We’ll make use of the shapiro.test function from base R stats package:

shapiro.test

Let’s use this on the biomassRatio variable in the “marine” dataset. We’ll assign the output to an object called “shapiro.result”, then we’ll have a look at the results.

The output from the shapiro.test function is not “tidy”, so we will use the tidy function from the broom package to make it tidy.

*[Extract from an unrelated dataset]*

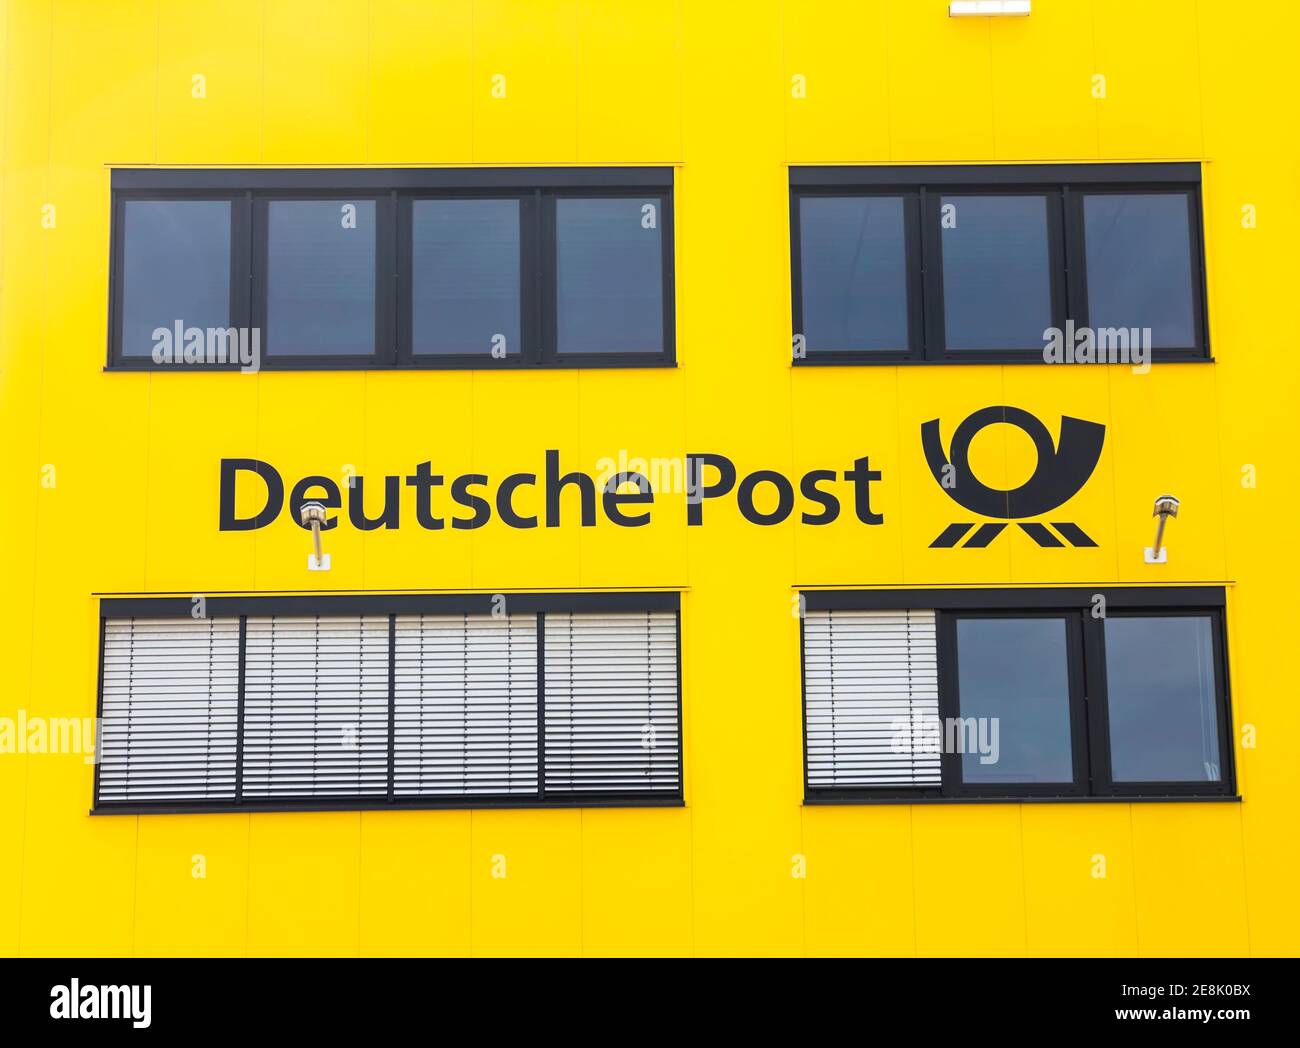 Furth, Deutschland : DEUTSCHE POST Frachtterminal und Logo auf dem Gebäude die Deutsche Post AG ist ein deutsches Kurierunternehmen und das größte weltweit. Stockfoto

Here we go: we provide the function with the tibble name (“marine”) and the variable of interest after a “$”:

shapiro.result <- shapiro.test(marine$biomassRatio)

Now tidy the output:

shapiro.result.tidy <- tidy(shapiro.result)

Now look at the results:

shapiro.result.tidy
## # A tibble: 1 × 3
##   statistic    p.value method                     
##       <dbl>      <dbl> <chr>                      
## 1    0.8175 0.00008851 Shapiro-Wilk normality test

The tidy object includes:

  • The value of the test statistic for the Shapriro-Wilk test (although it is not shown, this test statistic is indicated with a “W”)
  • The P-value associated with the test (“p.value”)
  • The name of the test used (“method”)

Given that the P-value is less than a conventional \(\alpha\) level of 0.05, the test is telling us that the data do not conform to a normal distribution. Of course we already knew that from our visual assessments!

Here’s an example statement:

The assumption of normality was checked visually using a normal quantile plot, and a Shapiro-Wilk test, which revealed evidence of non-normality (Shapiro-Wilk test, W = 0.82, P-value < 0.001).

Important: Visual assessments of normality are preferred, because the outcome of the Shapiro-Wilk test is sensitive to sample size: a small sample size will often yield a false negative, whereas very large sample sizes could yield false positives more than it should.